─── COLLECTED DATA

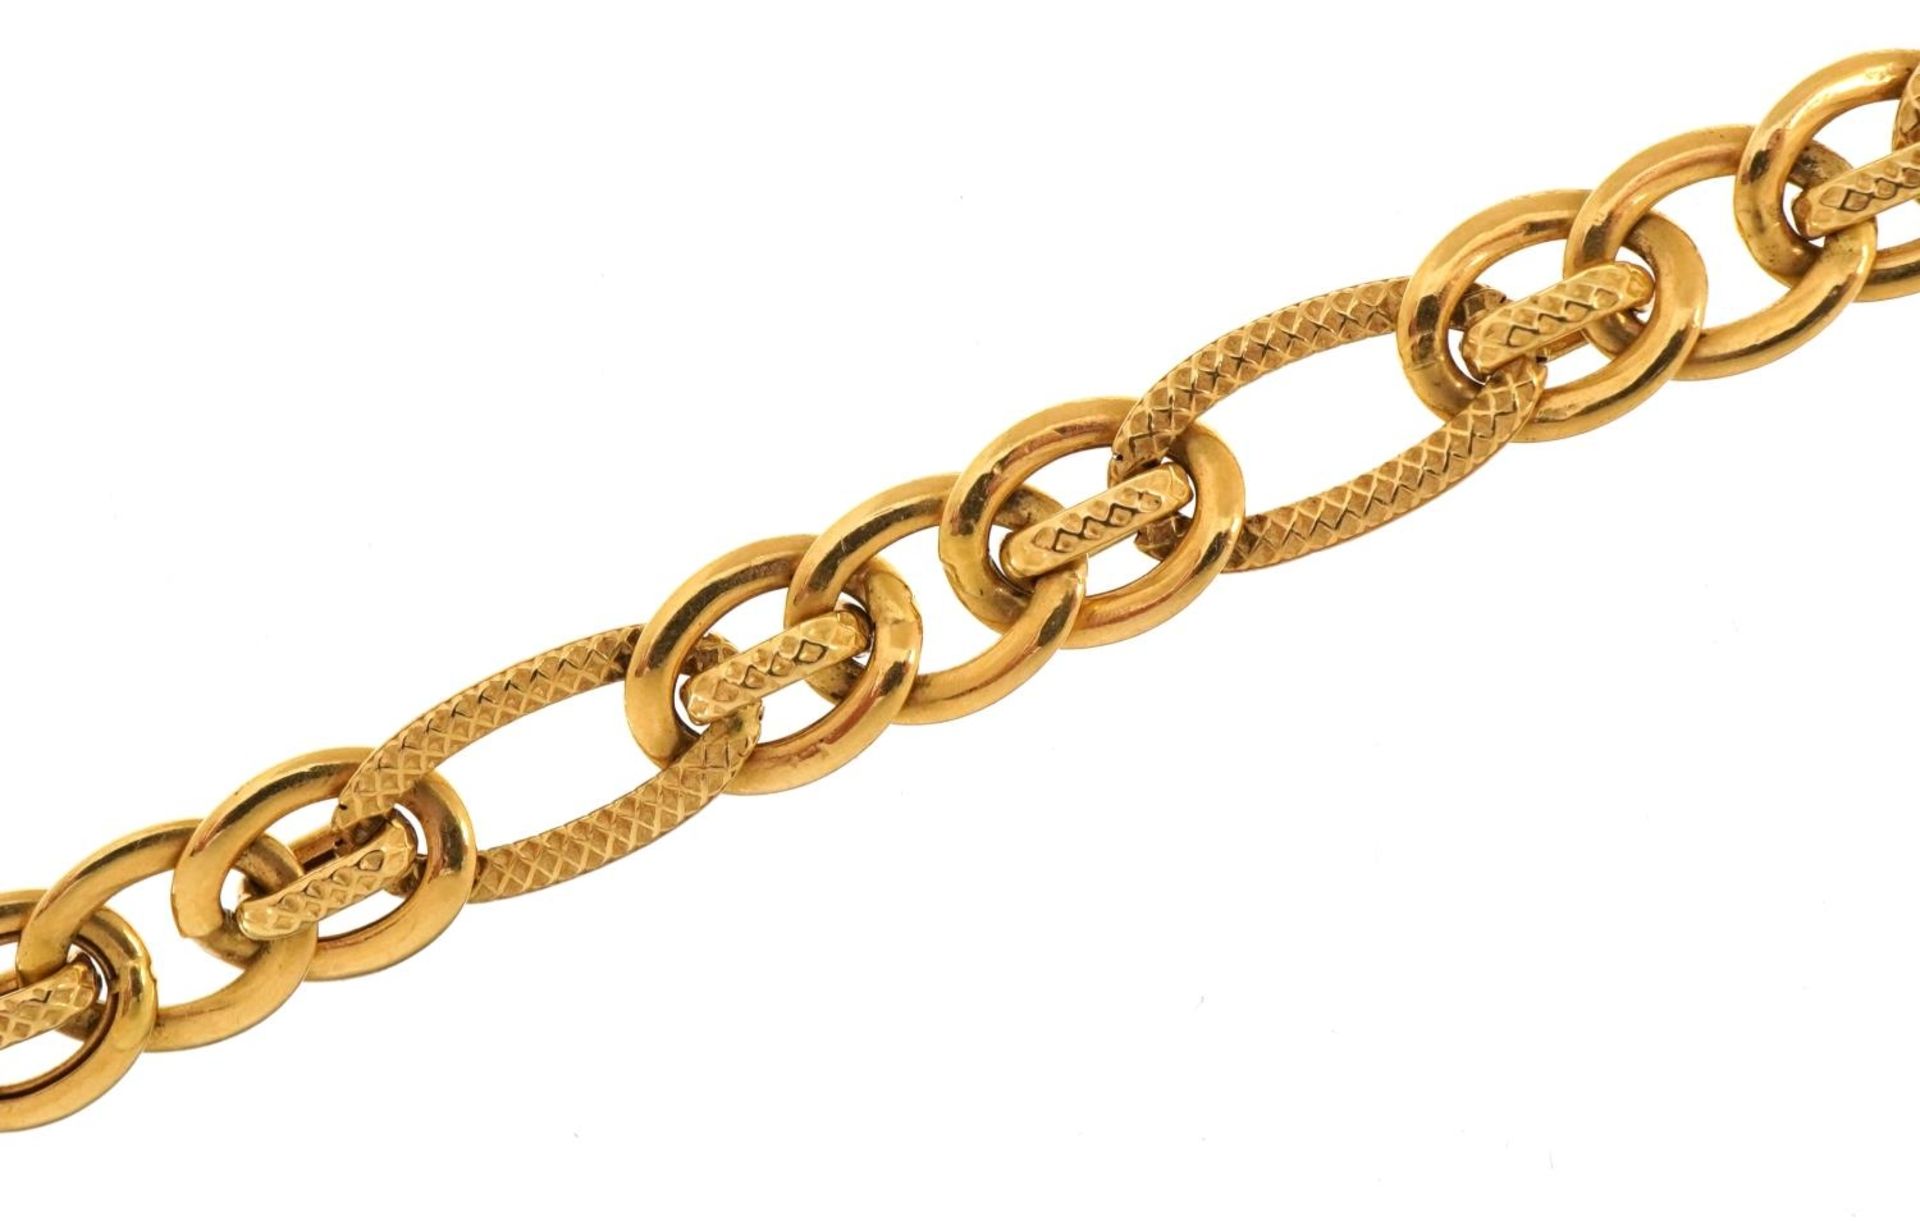 18ct gold multilink bracelet, 19.5cm in length, 6.2g
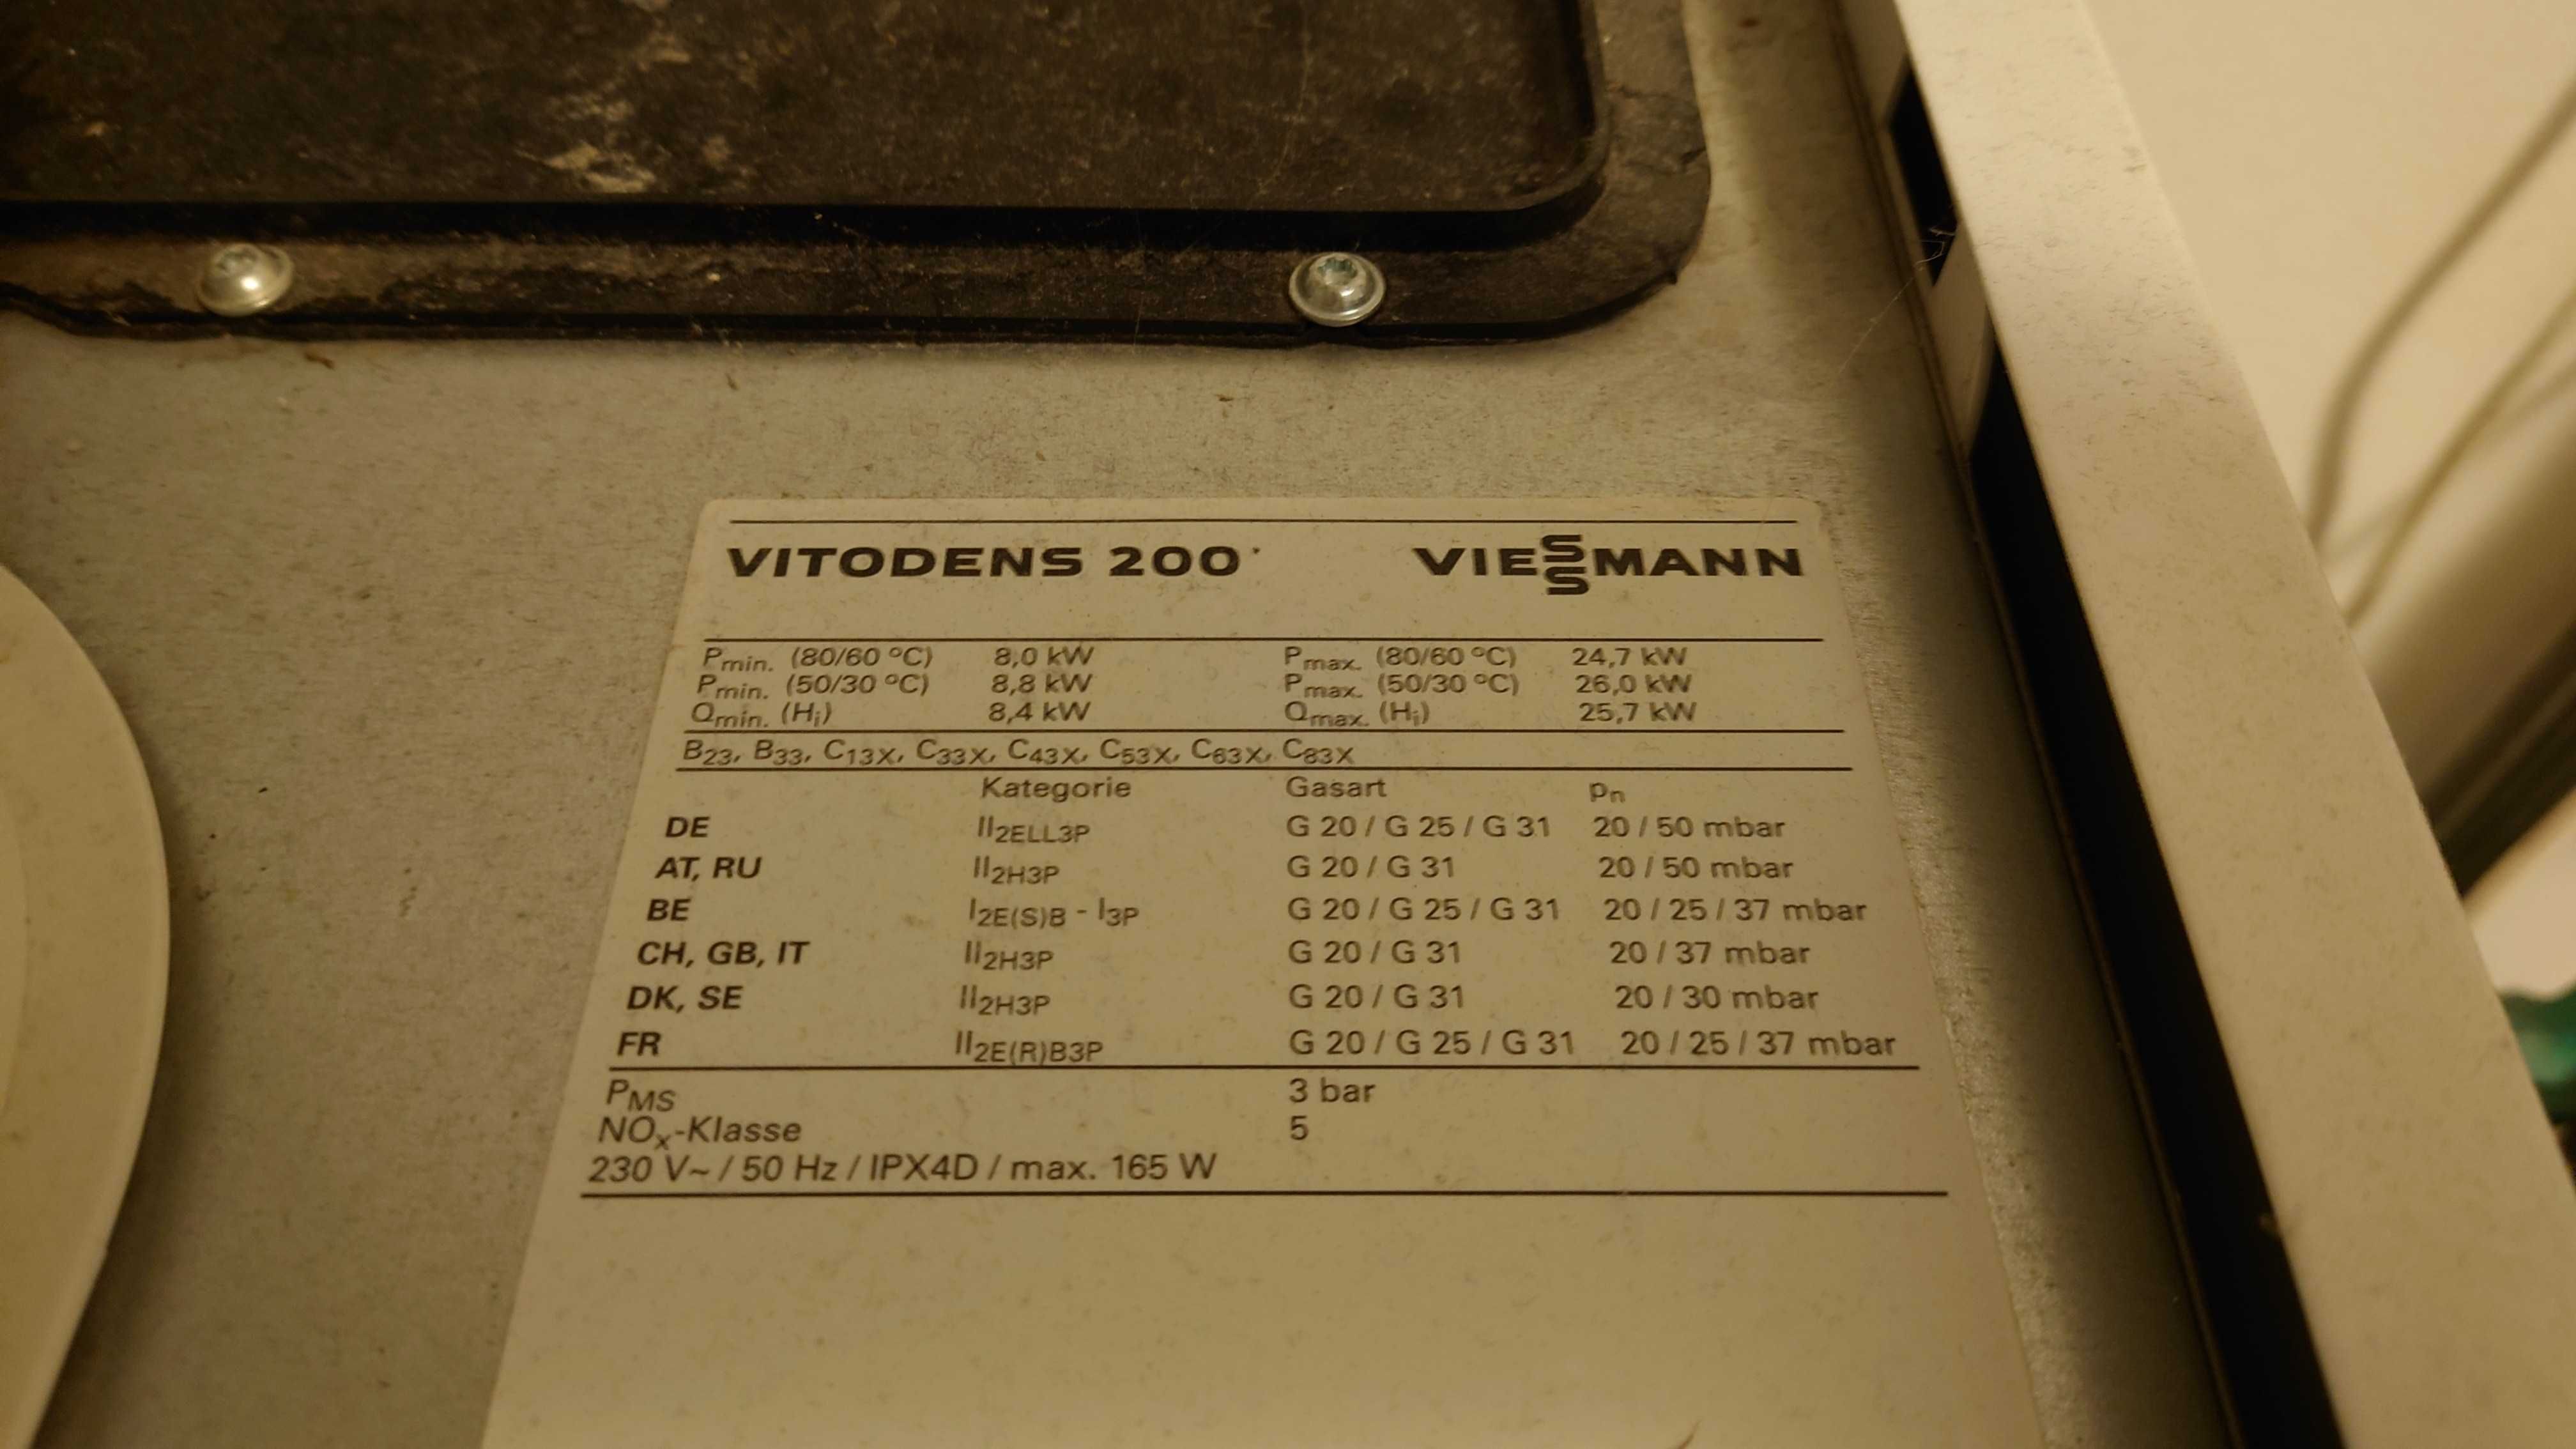 Sprzedam kocioł kondensacyjny Vitodens 200
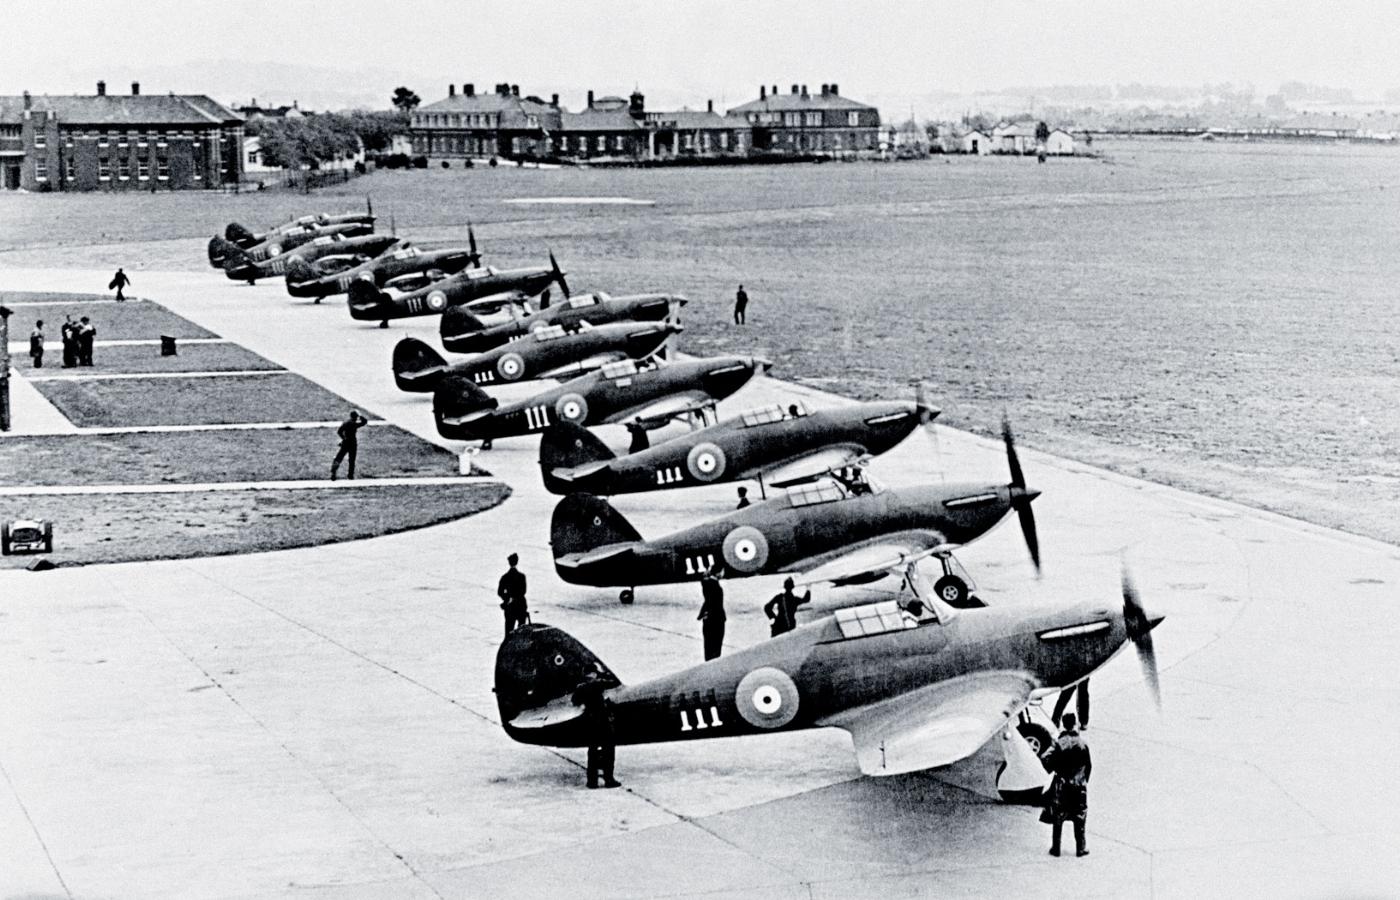 Pierwsze hurricane’y dostarczone do jednostki bojowej na lotnisko Northolt w 1938 r., później latały w Bitwie o Anglię.
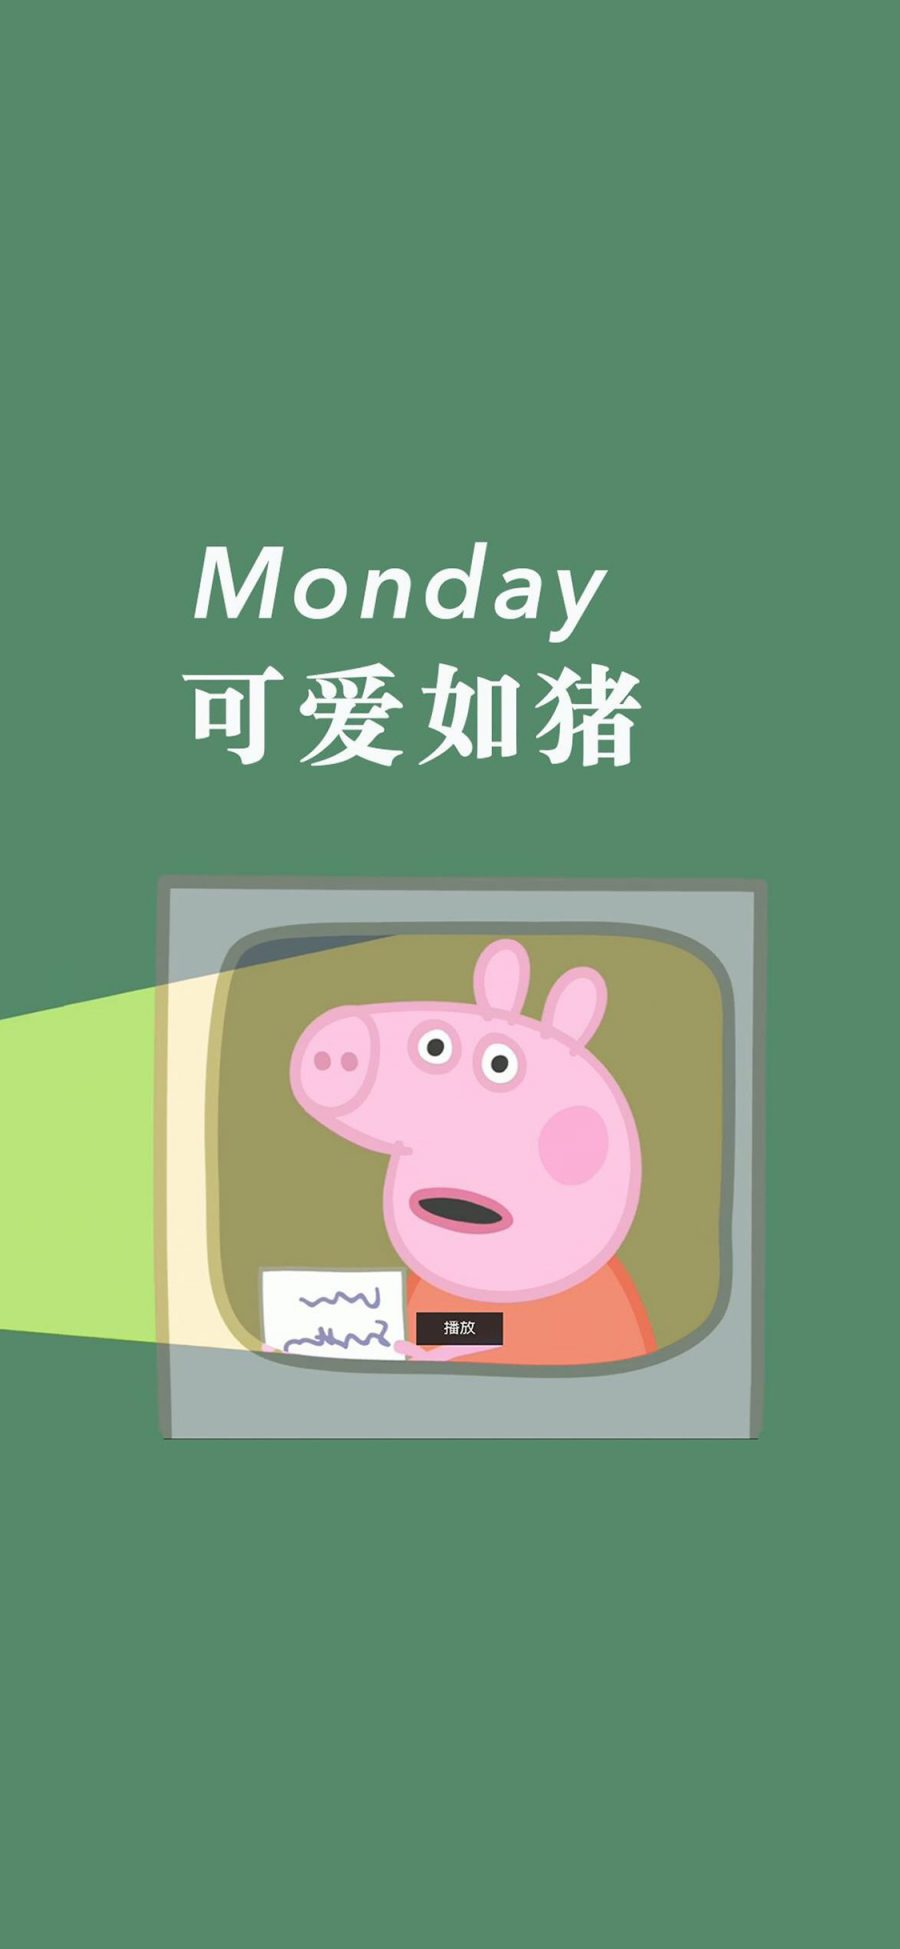 [2436×1125]可爱如猪 小猪佩奇 周一 Monday 绿色 苹果手机动漫壁纸图片

──────

■ THE PROBLEM ■
Print the data again word for word, pictures excluded.

■ RESULT OF THIS EXERCISE ■
 18ct gold multilink bracelet, 19.5cm in length, 6.2g
 Sprzedam kocioł kondensacyjny Vitodens 200
 Pierwsze hurricane’y dostarczone do jednostki bojowej na lotnisko Northolt w 1938 r., później latały w Bitwie o Anglię.
 [2436×1125]可爱如猪 小猪佩奇 周一 Monday 绿色 苹果手机动漫壁纸图片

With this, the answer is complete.